═════ Information provided ═════

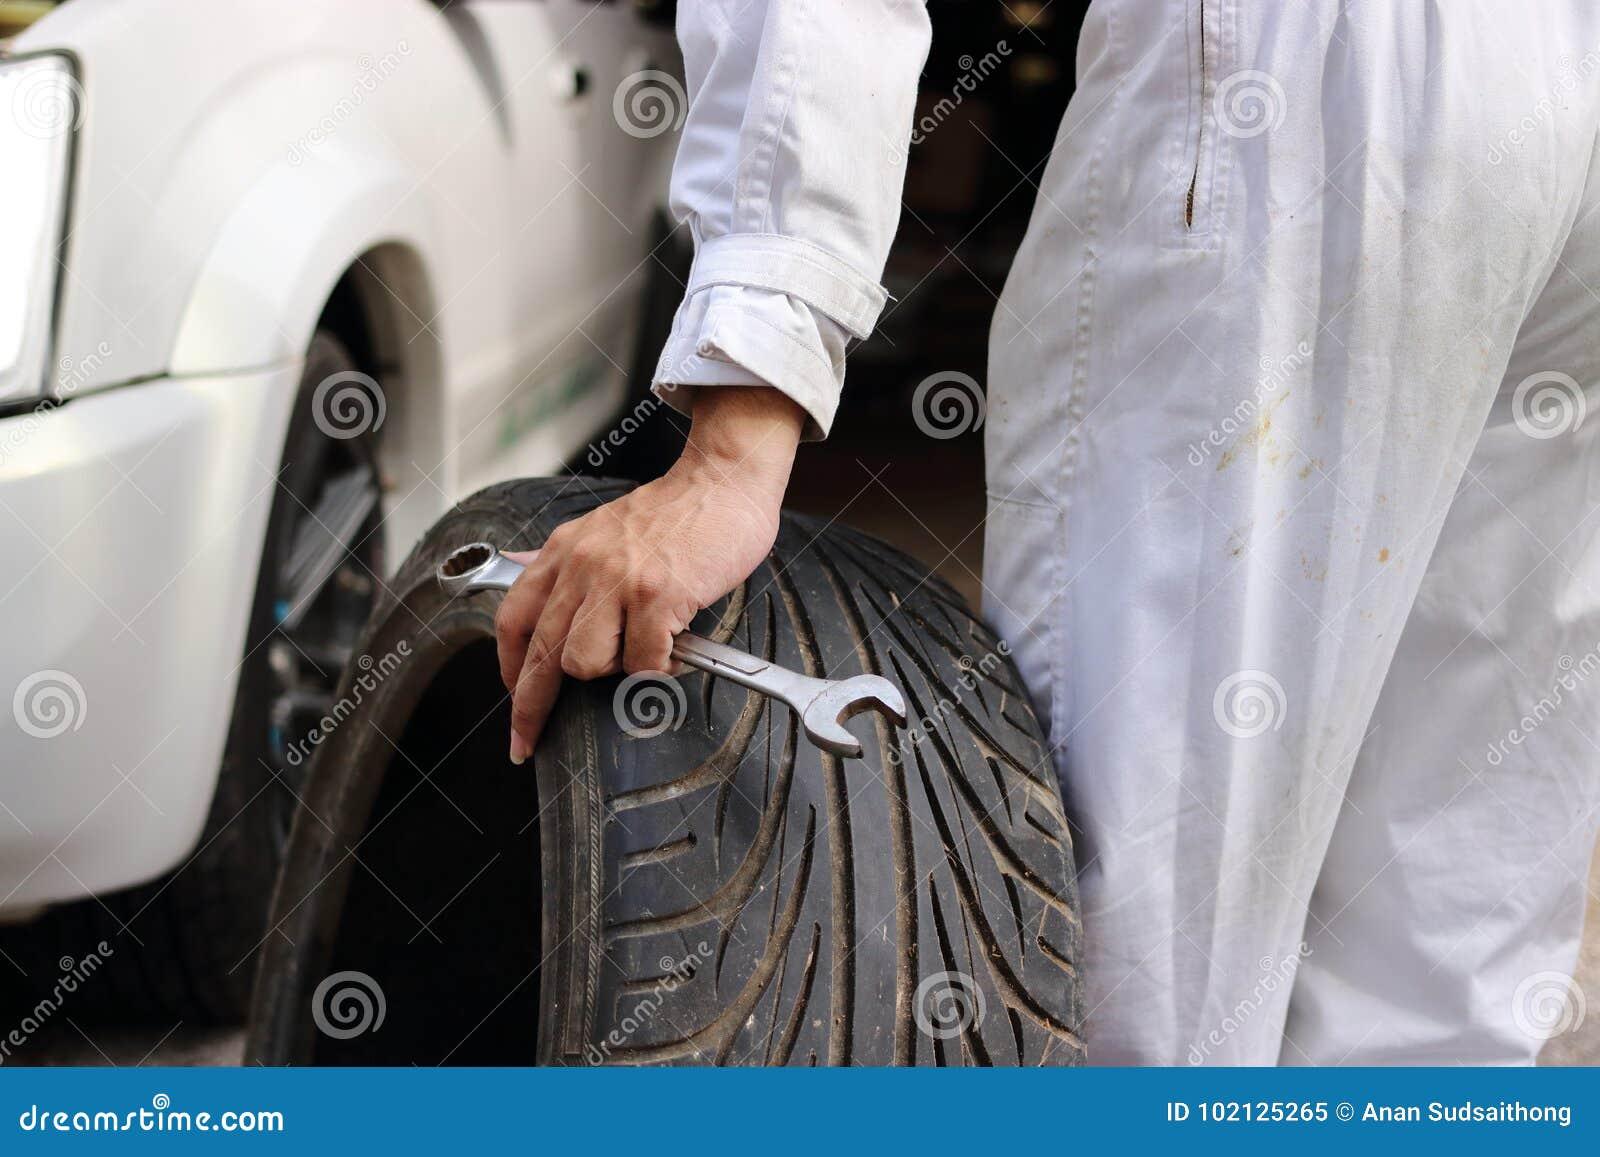 Ręki automobilowy mechanik w mundurze z oponą i wyrwaniem dla załatwiać samochód przy remontowym garażu tłem
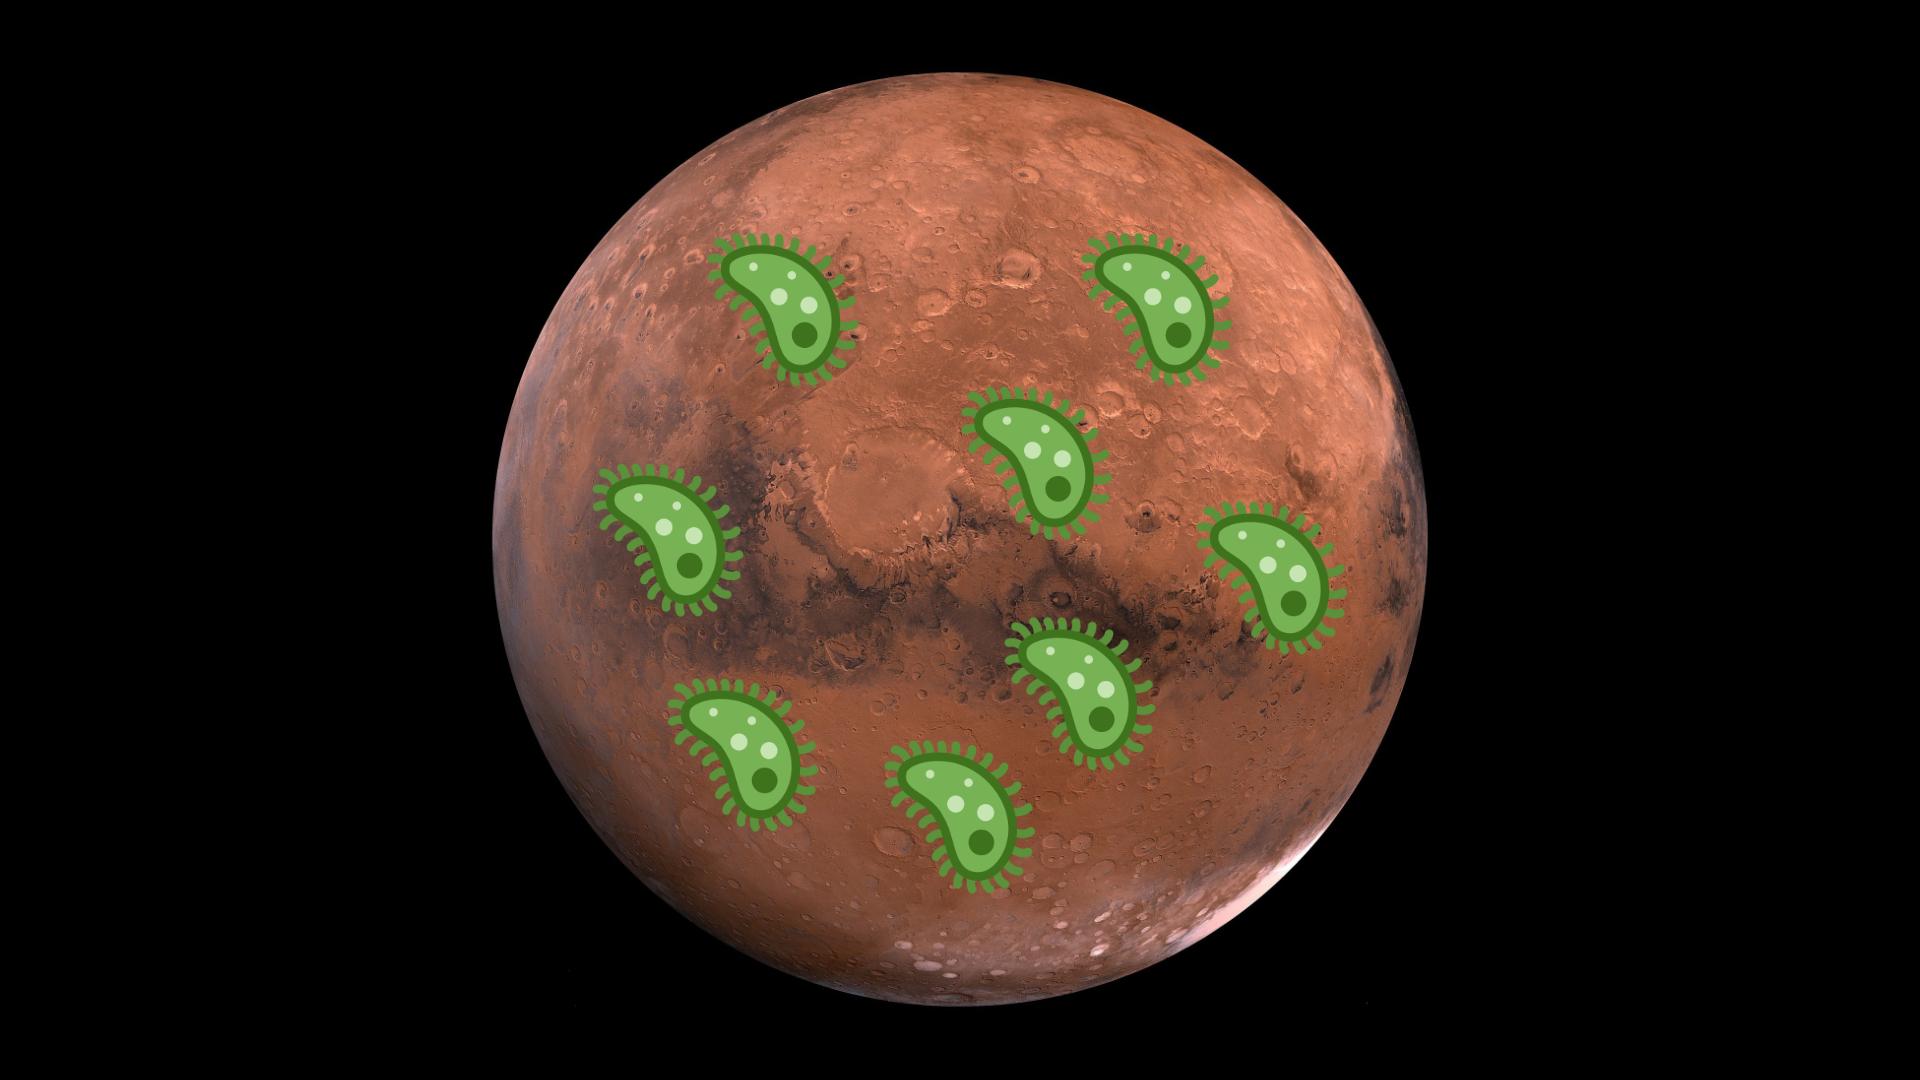 Pourquoi des microbes découverts sous terre passionnent les scientifiques qui cherchent la vie sur Mars
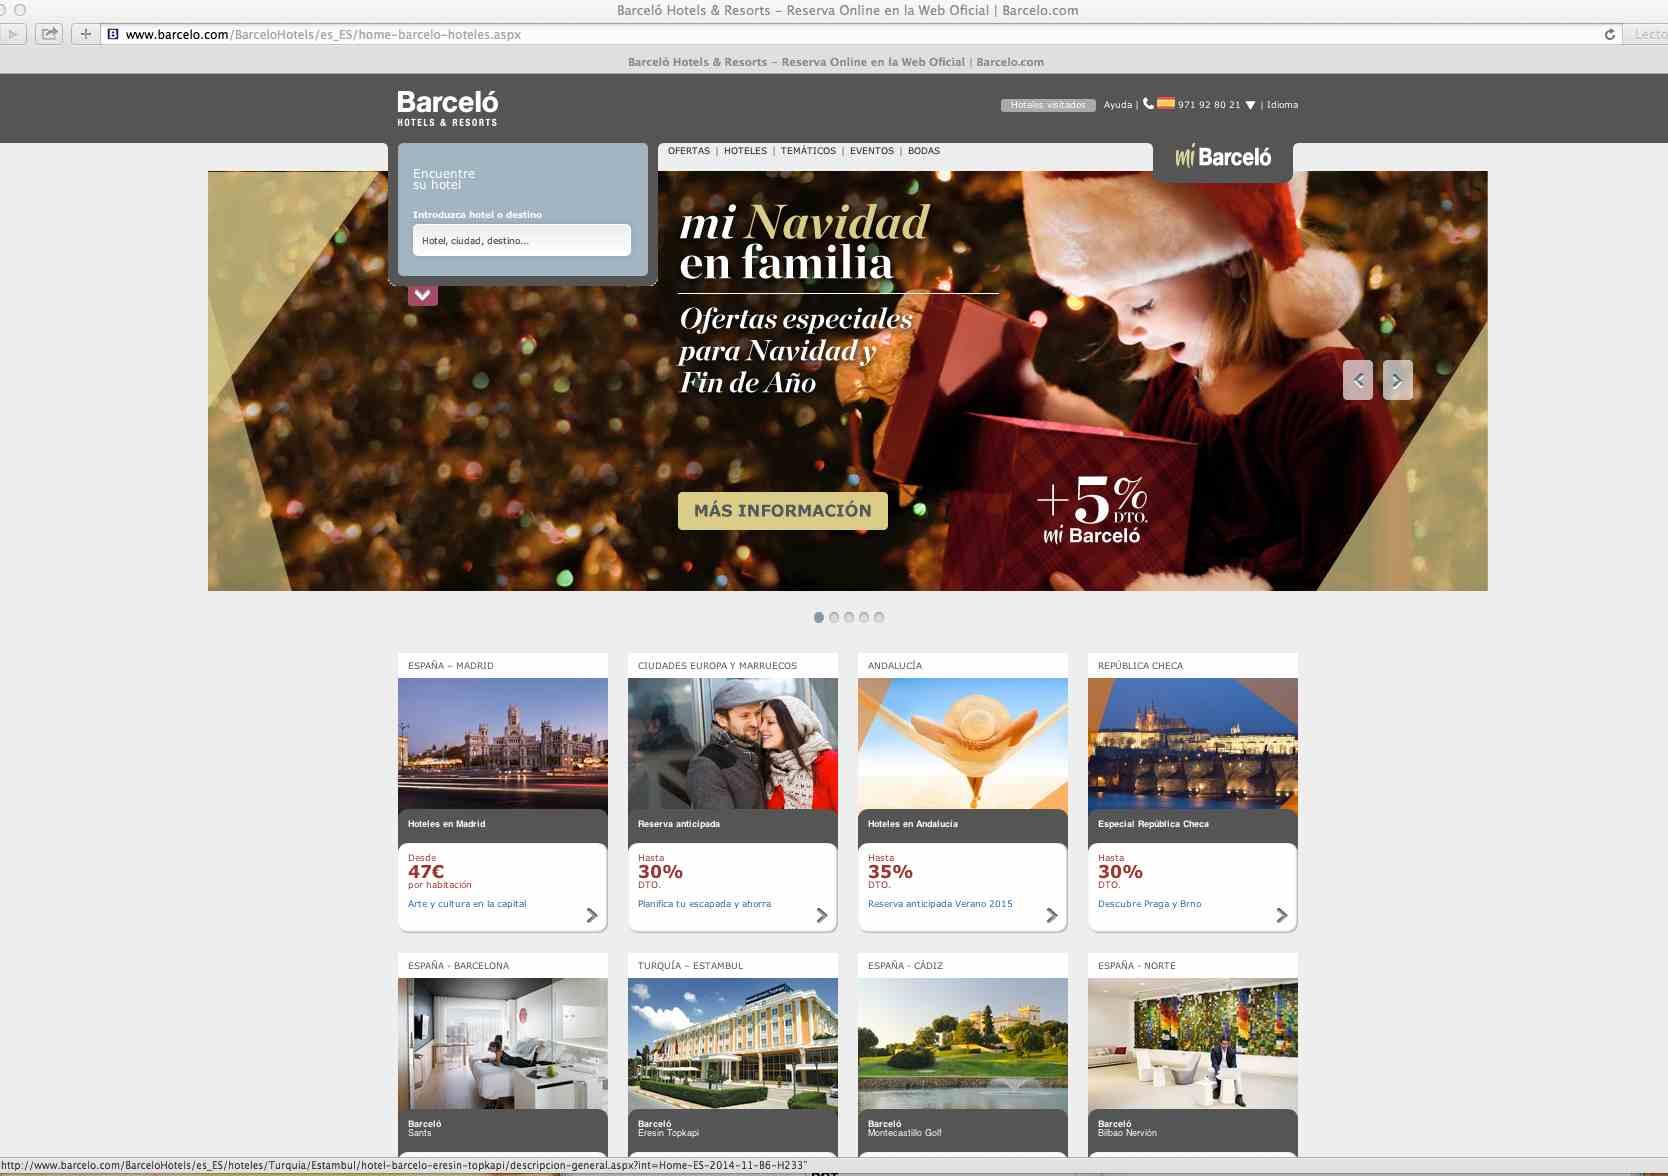 Nueva web de Barceló Hoteles y programas para familias

═════

Task instructions - Please give back the material above exactly as written, pictures omitted.

Task output -
 Ręki automobilowy mechanik w mundurze z oponą i wyrwaniem dla załatwiać samochód przy remontowym garażu tłem
 Pourquoi des microbes découverts sous terre passionnent les scientifiques qui cherchent la vie sur Mars
 Nueva web de Barceló Hoteles y programas para familias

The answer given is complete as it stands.